Steamer-I2V: Enhanced Controllable Image-to-Video Foundation Model

Yi Yang, Xuewu Jiao, Wen Tao, Zhipeng Jin, Jie Liu, Yi Zheng, Chao Fang, Xinsheng Luo, Wei Hu, Yan Tian, Song Lin, Weizhu Xie, Cong Han, Shuanglong Li and Lin Liu
Steamer Team, Baidu Inc.

Abstract

Steamer-I2V, as an industry-leading image-to-video (I2V) generation model, is specifically optimized for precise visual control, high-definition quality, and Chinese semantic understanding. It converts static images into temporally coherent and visually compelling dynamic videos. Recognized for exceptional controllability and generation fidelity, the model has claimed the top position in comprehensive image-to-video evaluation on VBench, an authoritative international video generation evaluation benchmark, demonstrating cutting-edge technical capabilities.
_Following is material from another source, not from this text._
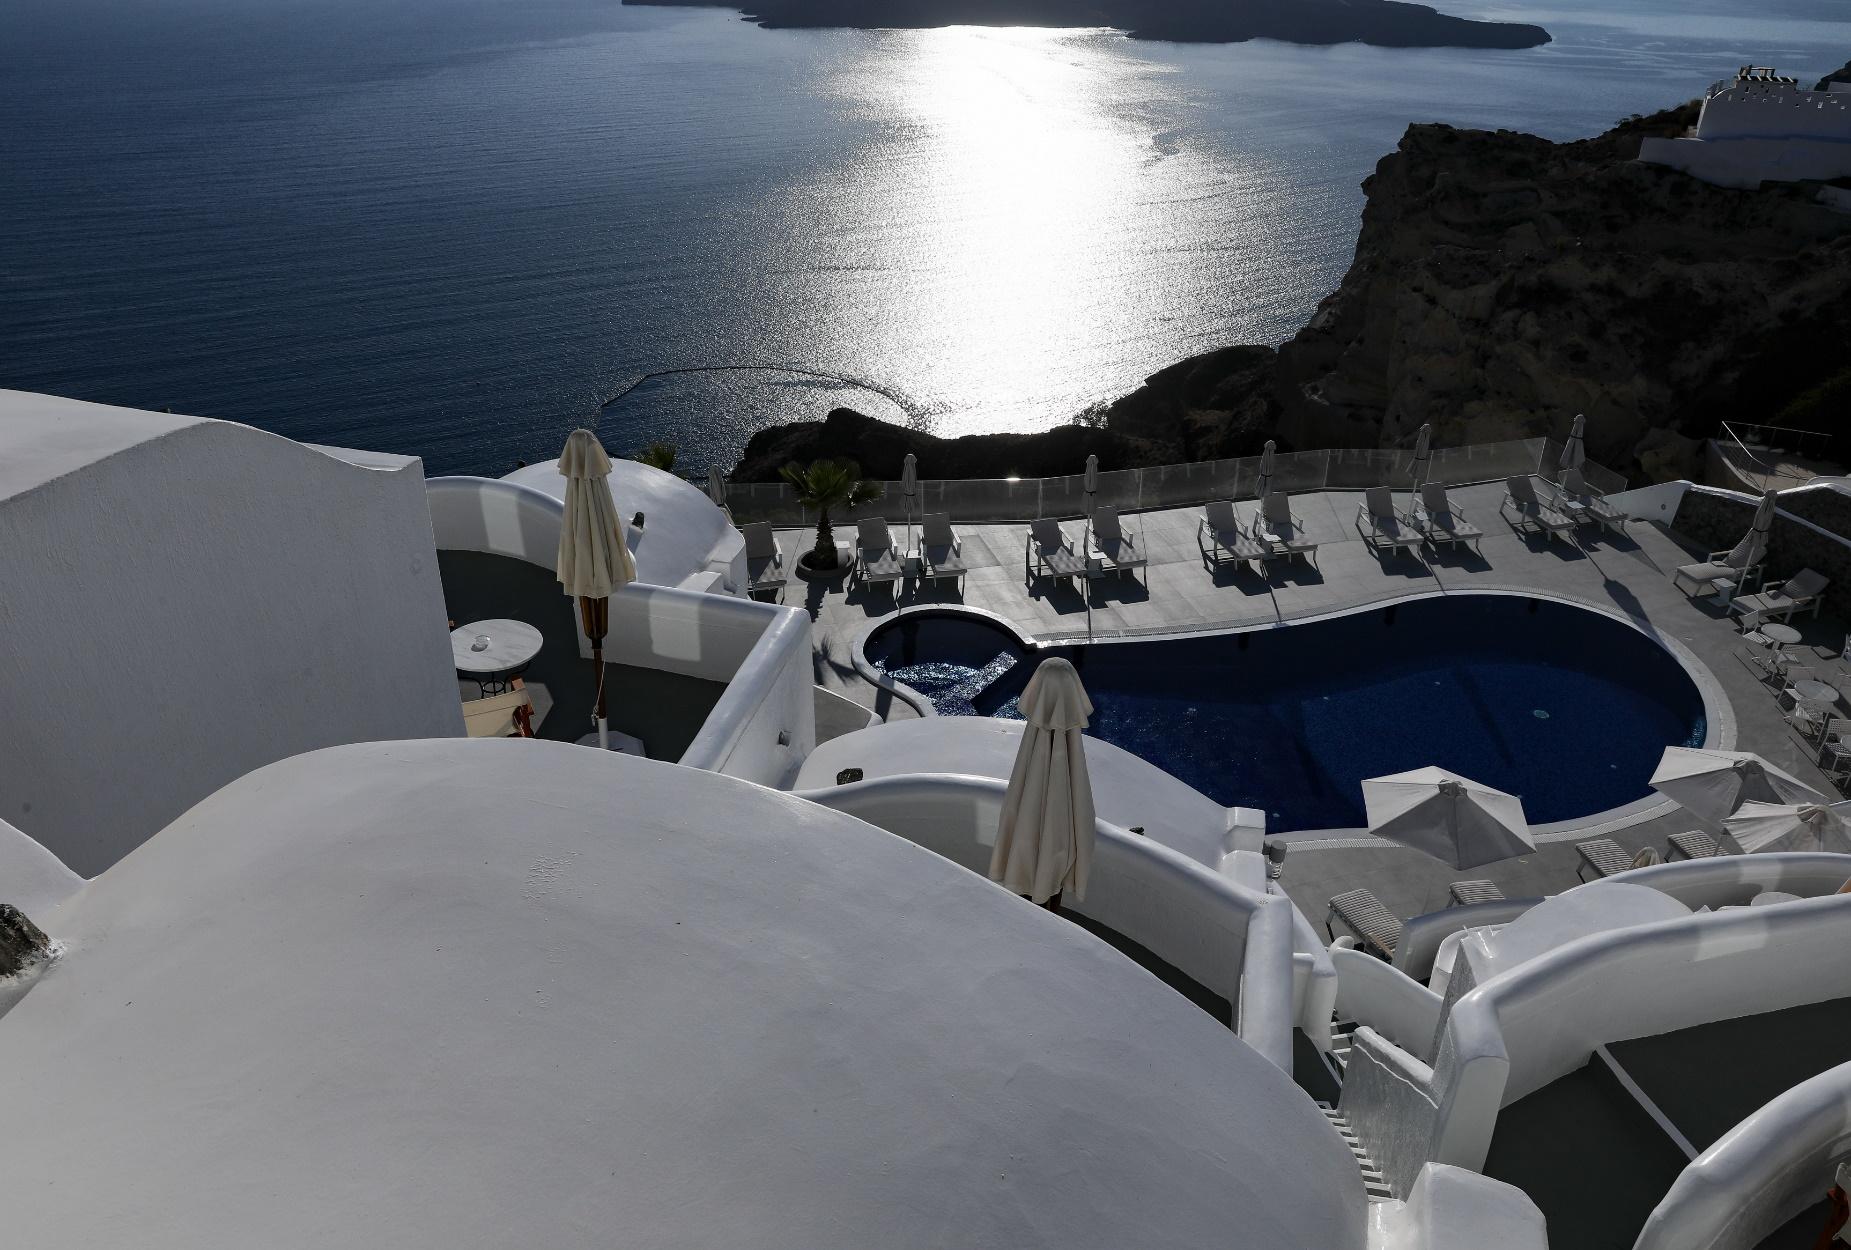 Η Ίος στη λίστα με τα 100 πιο εντυπωσιακά νησιά του κόσμου!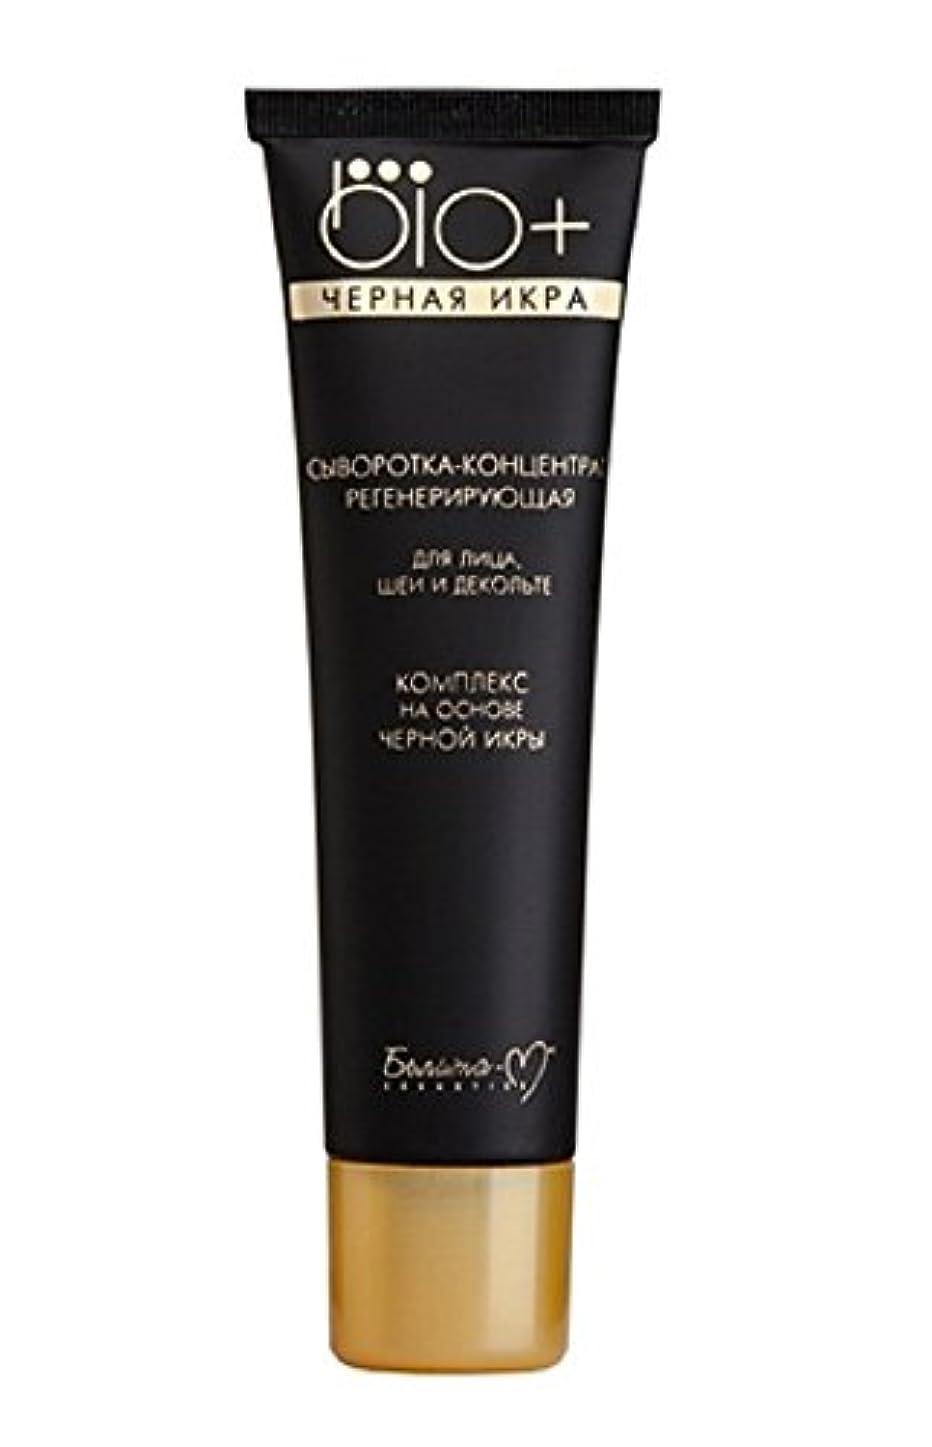 知っているに立ち寄るベーカリー不良品Revitalizing SERUM FOR FACE, NECK AND DECOLT based on black caviar | Marine collagen and elastin, Amber extract...

  1. Fine-grained Video Structured Description Language for Pixel-level Control and Cinematic Composition
    Steamer-I2V employs a meticulously structured design for shooting perspectives and video descriptions, ensuring strict adherence to visual details, object motion trajectories, style attributes, and cinematography. This enables precise control over complex content generation and instruction compliance. The model supports multimodal conditional inputs—including Chinese text prompts, reference images, and guidance signals—to maintain alignment with specific creative visions or functional requirements.
  2. Model Ensemble Optimization Strategy for HD Quality and Cinematic Dynamics
    Leveraging advanced generative methods and Transformer-based diffusion architecture, the model produces high-definition videos up to 1080P resolution with smooth transitions and physically realistic motion patterns. Steamer-I2V implements a model ensemble optimization strategy specifically enhancing temporal consistency, cinematic framing, and motion regularity, ensuring exceptional logical coherence and visual continuity across video sequences.
    • Multi-stage Supervised Training: Progressive supervised fine-tuning (SFT) from low to high resolutions and frame rates enables gradual learning from macro-control to detailed refinement.
    • Aesthetic Conditional Fine-tuning: Through conditional fine-tuning (CFT), the model develops an intrinsic understanding of video aesthetics beyond superficial imitation.
    • Multi-objective Reinforcement Learning: Combines human global feedback with multi-dimensional quality metrics for preference alignment optimization, progressively enhancing precision from macro to micro levels.
    • Prompt Enhancement Technology: A multimodal large model analyzes input images to augment original prompts, predicting temporal evolutions of scenes/objects in video frames—including actions, motion trajectories, and state transitions.
  3. Accurate Chinese Semantic Comprehension
    Steamer-I2V utilizes a hundred-million-scale Chinese multimodal training database processed through a three-tier "filter-purify-proportion" data optimization system. This rigorous data cleansing mechanism ensures precise semantic alignment between textual instructions and visual elements, empowering the model with professional-level Chinese concept parsing capabilities. It effectively captures culture-specific elements and complex semantic relationships, significantly improving visual translation accuracy for Chinese creative instructions.